The final episode of Spotify: A Product Story, the podcast miniseries hosted by Spotify’s Chief R&D Officer, dropped last week.
I really enjoyed this series because it goes into more technical depth than I expected. R&D leader Gustav Söderström does a great job of pinpointing and explaining the lessons learned from each of Spotify’s monuments product challenges. There should be something useful in there for every engineering leader.
Amongst the interesting technical stories covered are:
- How Spotify gradually worked machine learning into more and more of their stack, ensured they were solving real business problems with it, and what their plans are for the future.
- How they switched from on-prem to the cloud over a number of years, how they chose their cloud vendor, and the hard choices they had to make along the way.

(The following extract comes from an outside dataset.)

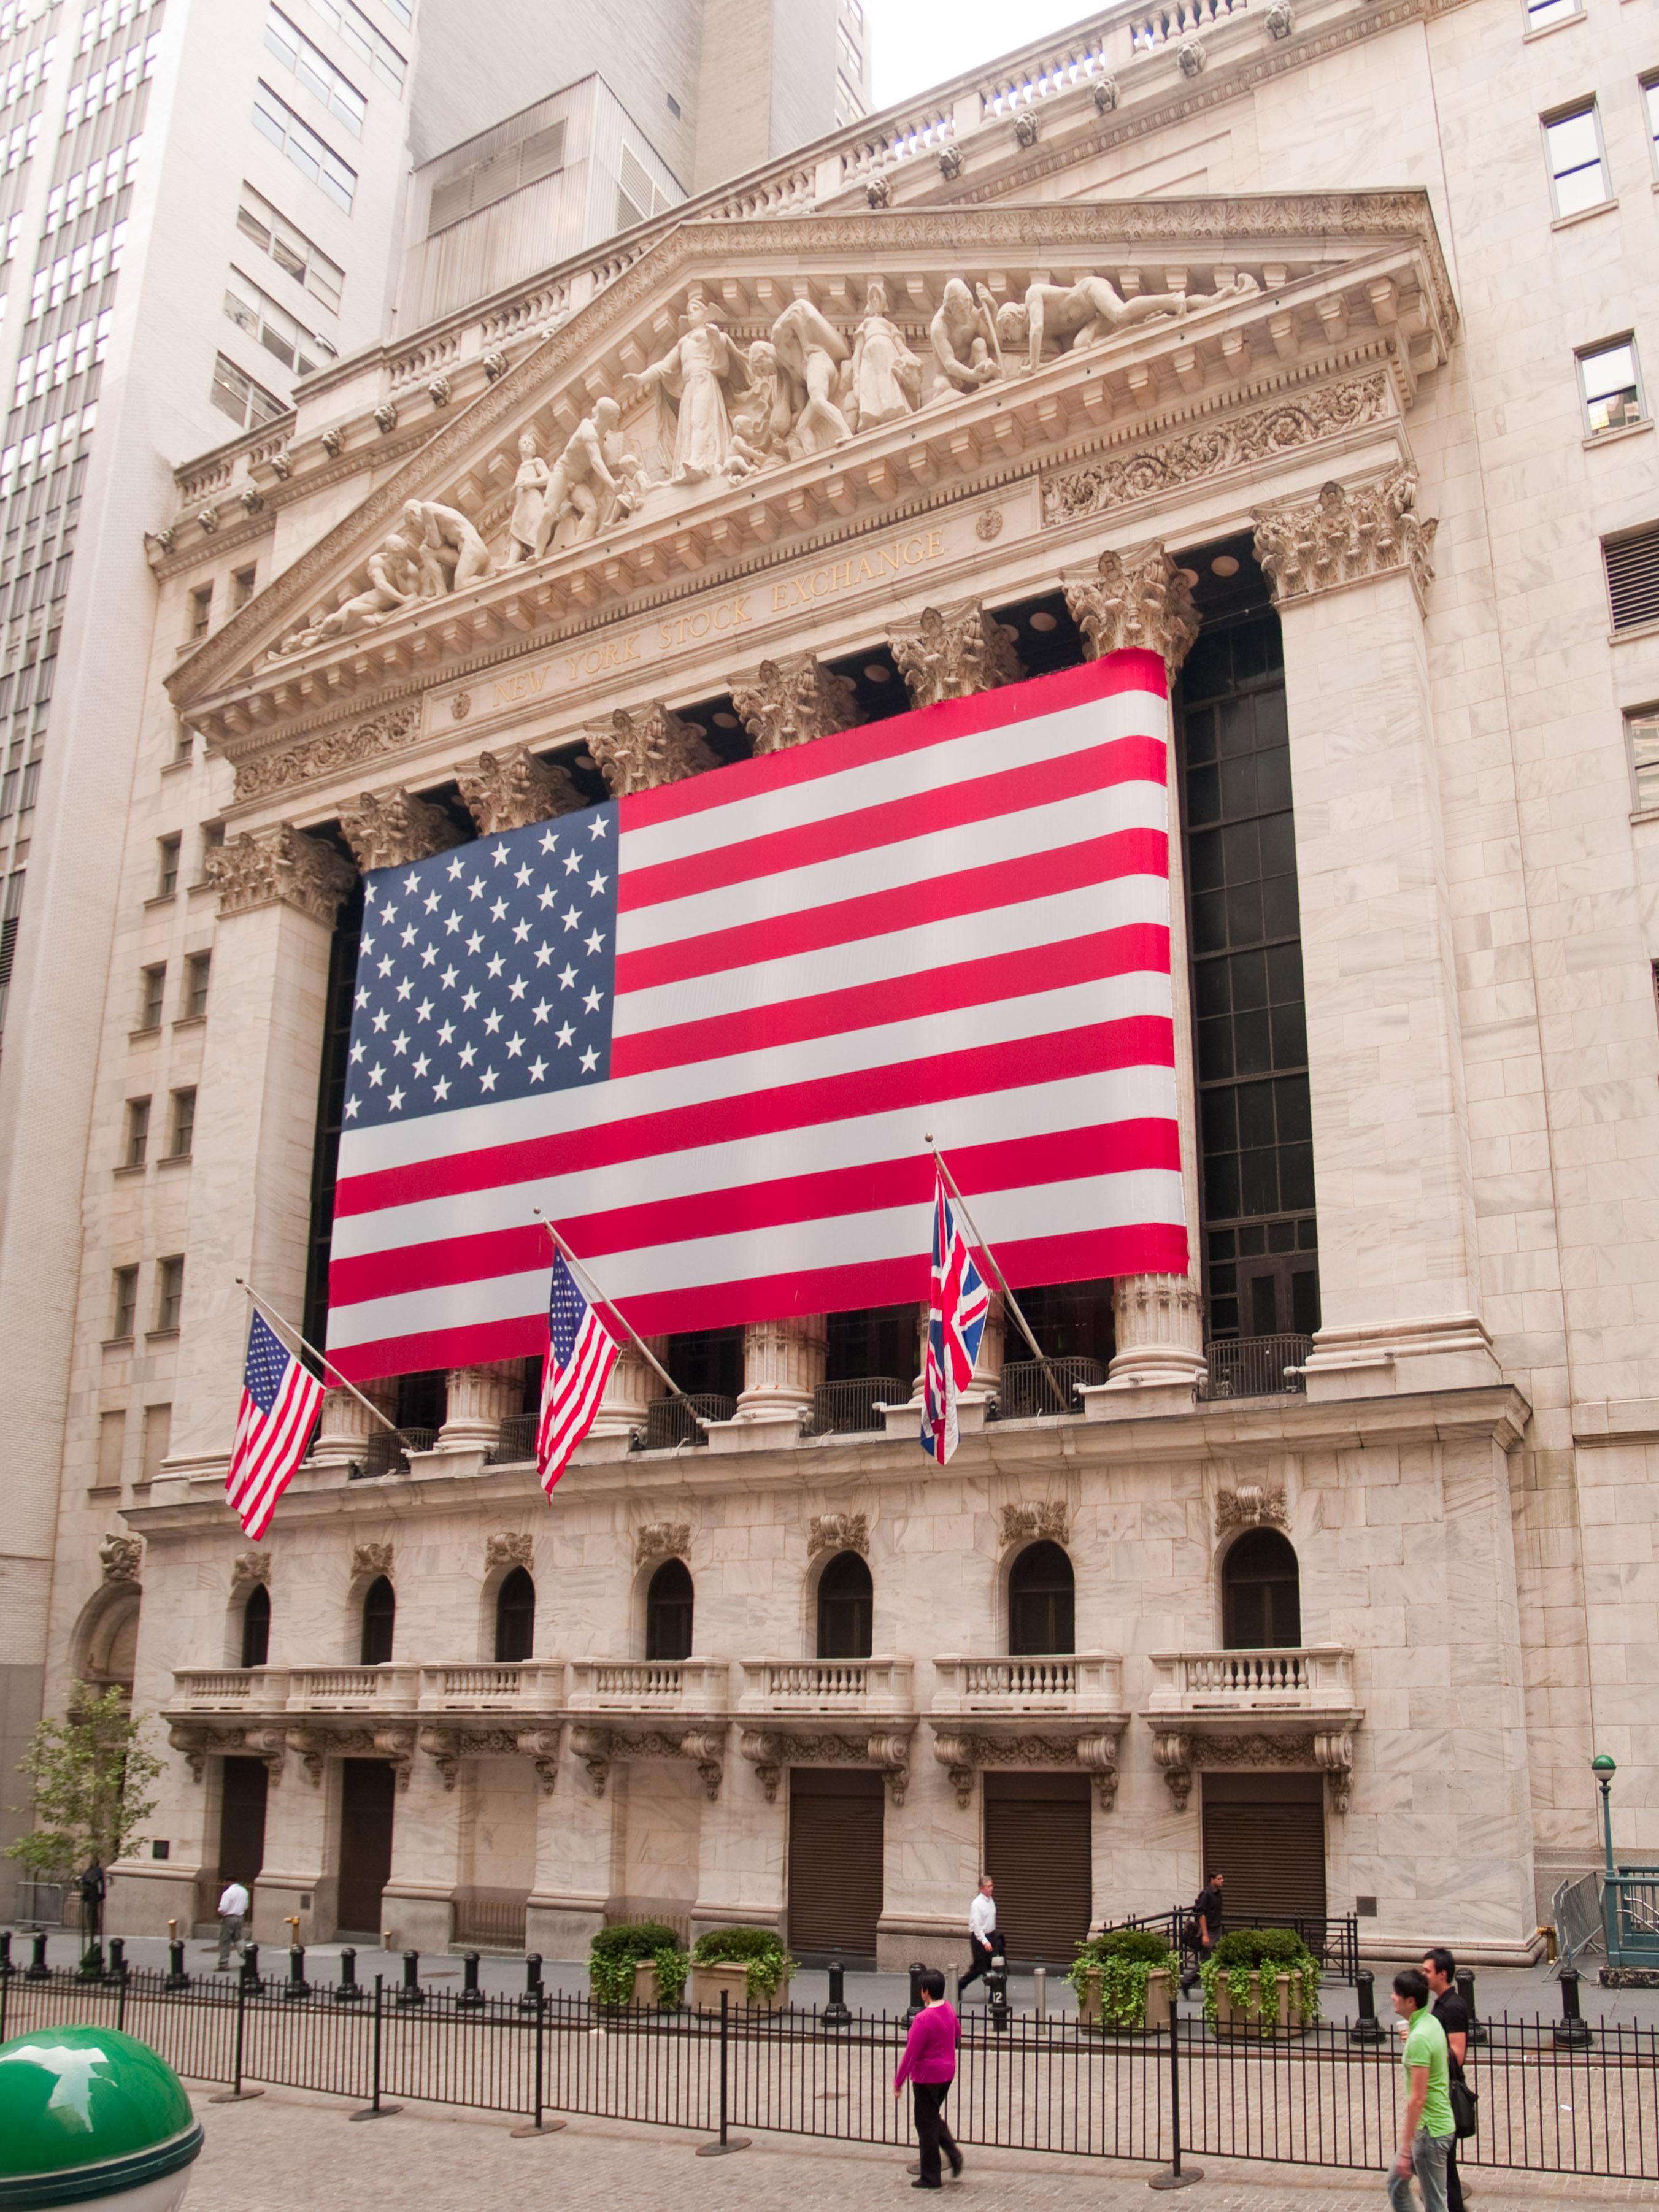 The New York Stock

- Why Spotify chose to build Backstage, and how to think about build vs. buy decisions more generally.
Developer portals are a super power
I tackled two misconceptions about Backstage on the Roadie blog this week.
The main points are:
- Backstage is a reusable tool that can empower your engineers, rather than locking them in to a bespoke solution.
- Backstage doesn’t naturally block your engineers from reaching for direct API or UI access when required.

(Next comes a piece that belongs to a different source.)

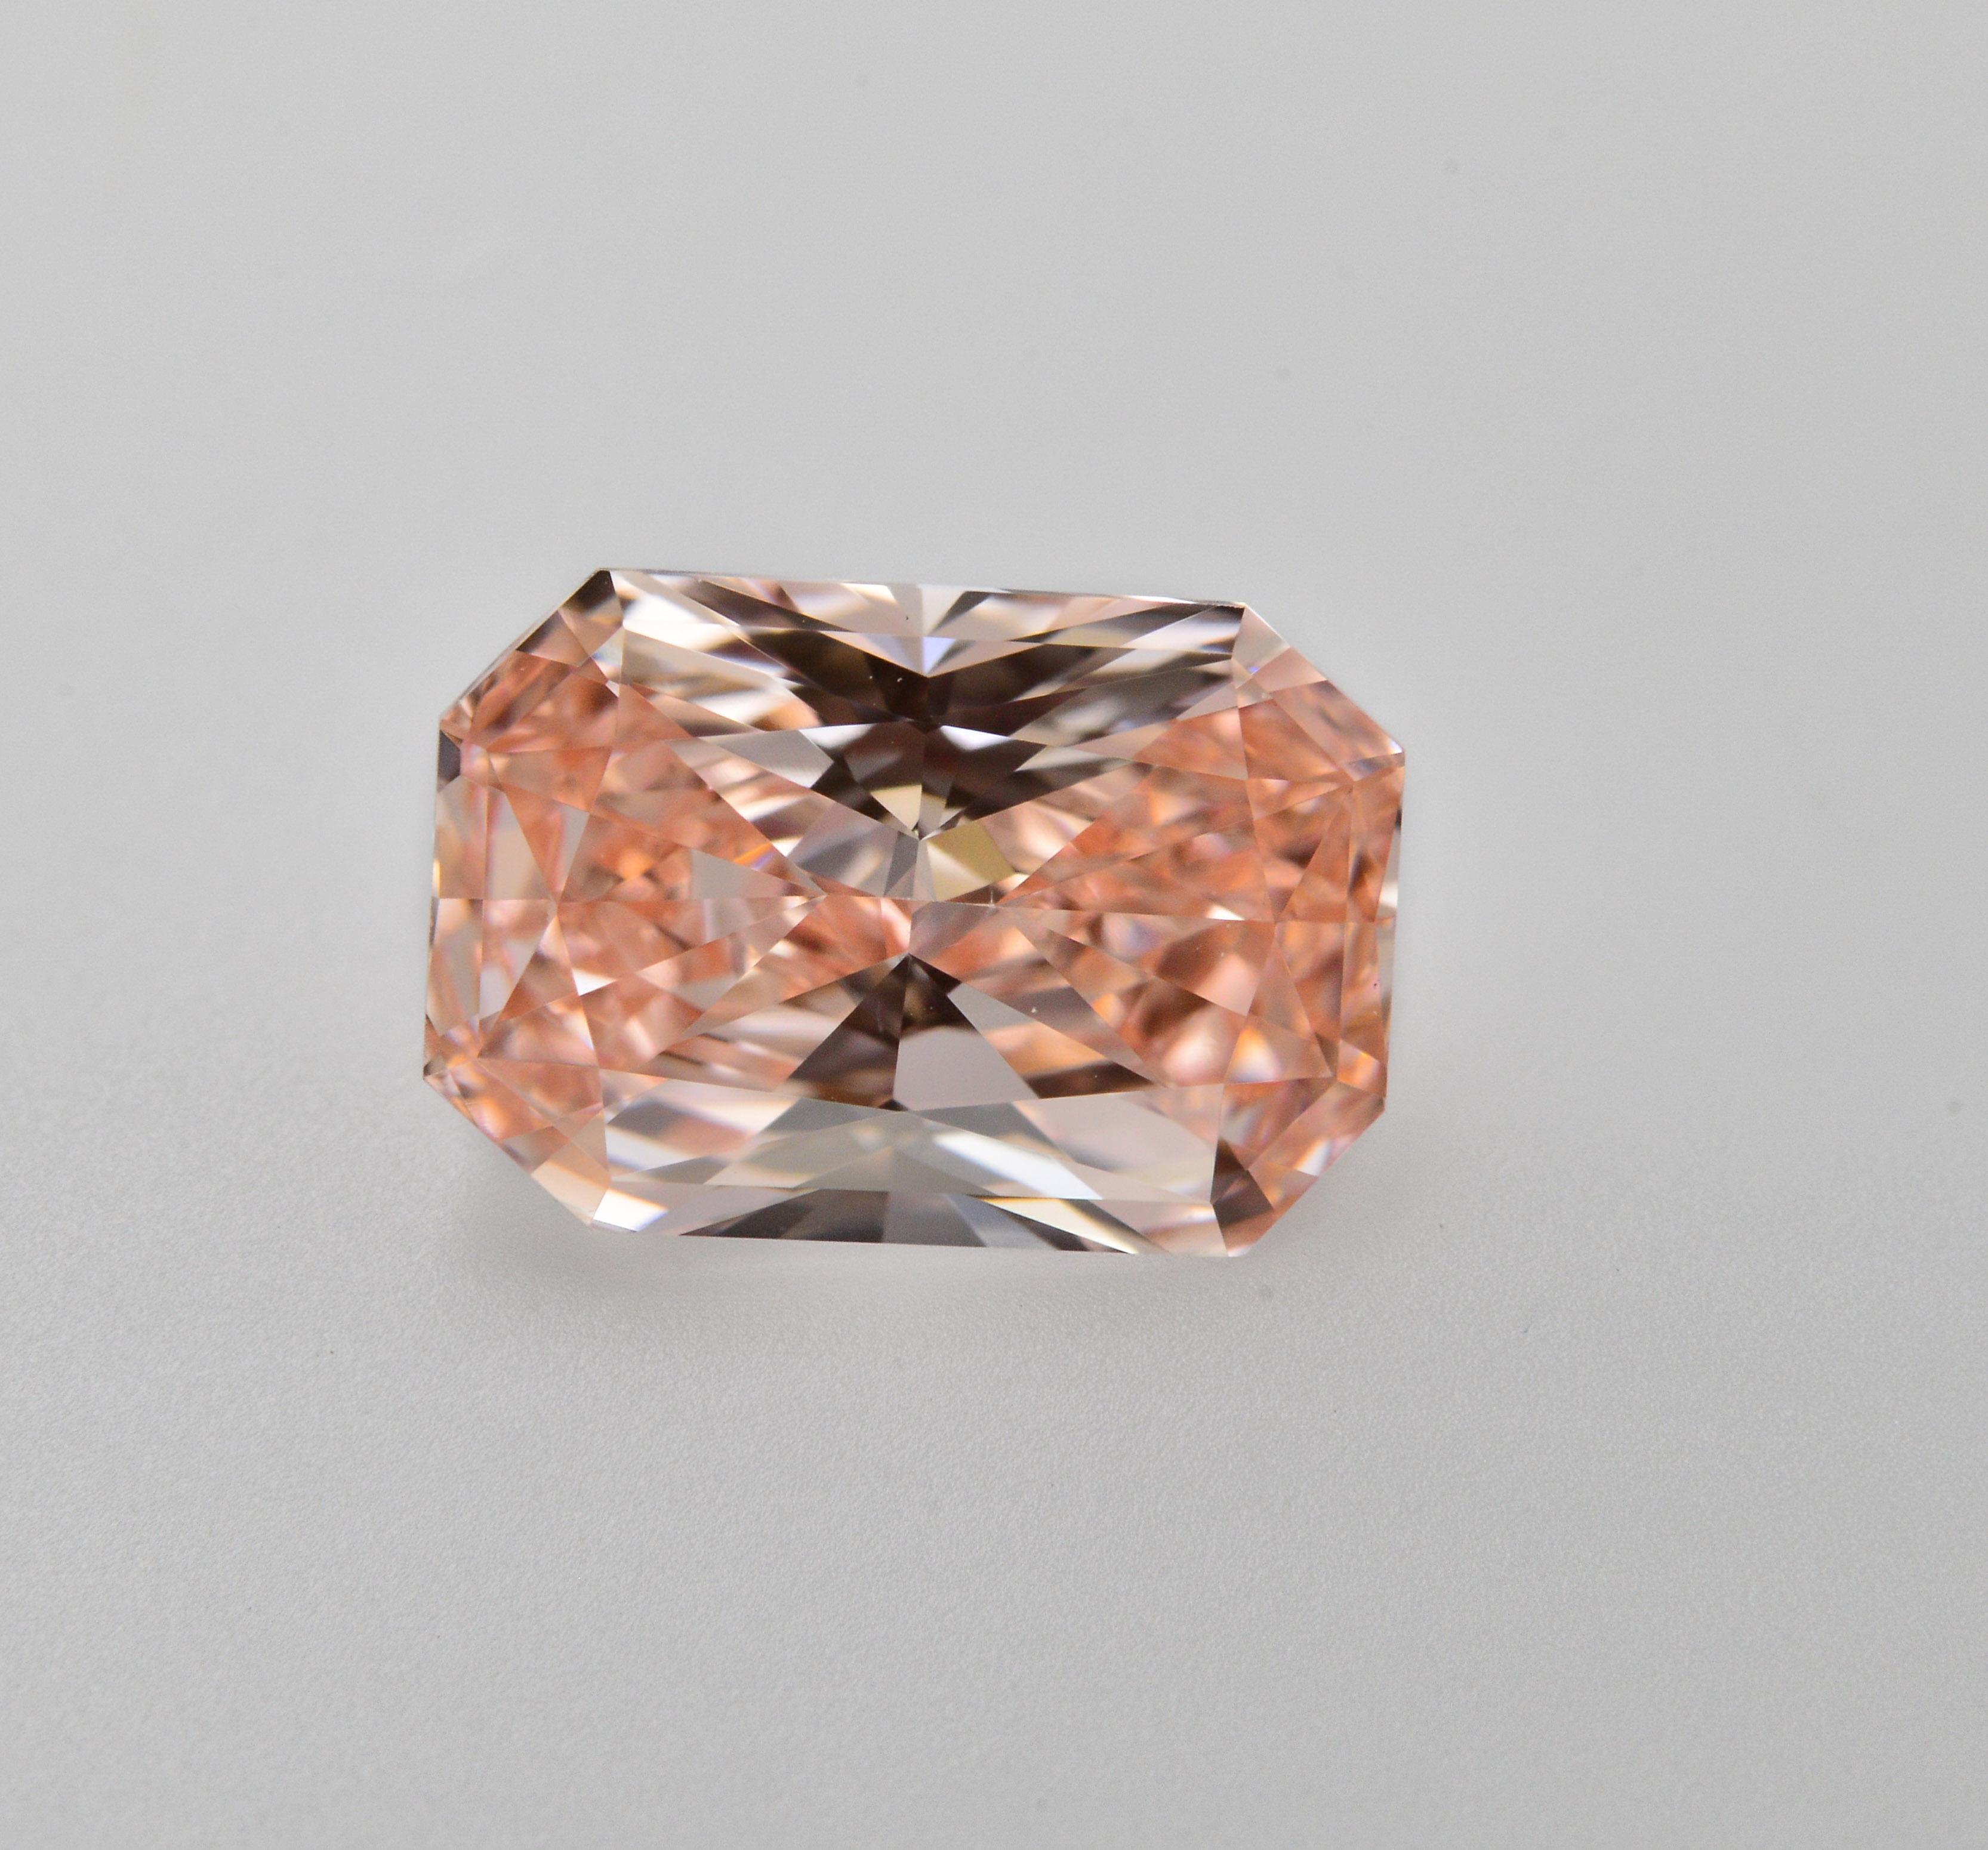 Pink Diamond, Radiant, Fancy Vivid Orangy Pink, 1.04 Carat

Staying on the path to high performing teams
Will Larson, ex-Stripe and currently CTO at Calm, explains that engineering teams typically exist on a continuum of 4 states. For each state, Will then describes the solution required to move the team up the value chain to the next state.
There’s also a section which explains how to think about doing this across multiple teams in an organization at the same time.
The mortifying ordeal of pairing all day
The Cloud Foundry R&D team at Pivotal paired on code, all day every day, for years at a time.
Nat Bennett shares their opinion on the burnout and organisational failure this experiment caused.
Merged into Backstage last week
It was a 3 day week in Sweden so only 32 pull requests were merged. We still got some goodies though.
Shortcuts plugin for sidebar
Spotify engineer Marcus Eide dropped this neat little shortcuts plugin in #5392. It lets you quickly add a shortcut to the Backstage sidebar.
The shortcuts are stored in your browser localstorage and are personal to you.
GitHub Release Manager plugin
This new plugin can help take some of the tedium out of publishing releases on GitHub by automatically cutting branches, tagging and releasing and promoting code, with help from the user.
There are screenshots in the pull request #5299 and the credit belongs to Spotify engineer Erik Engervall.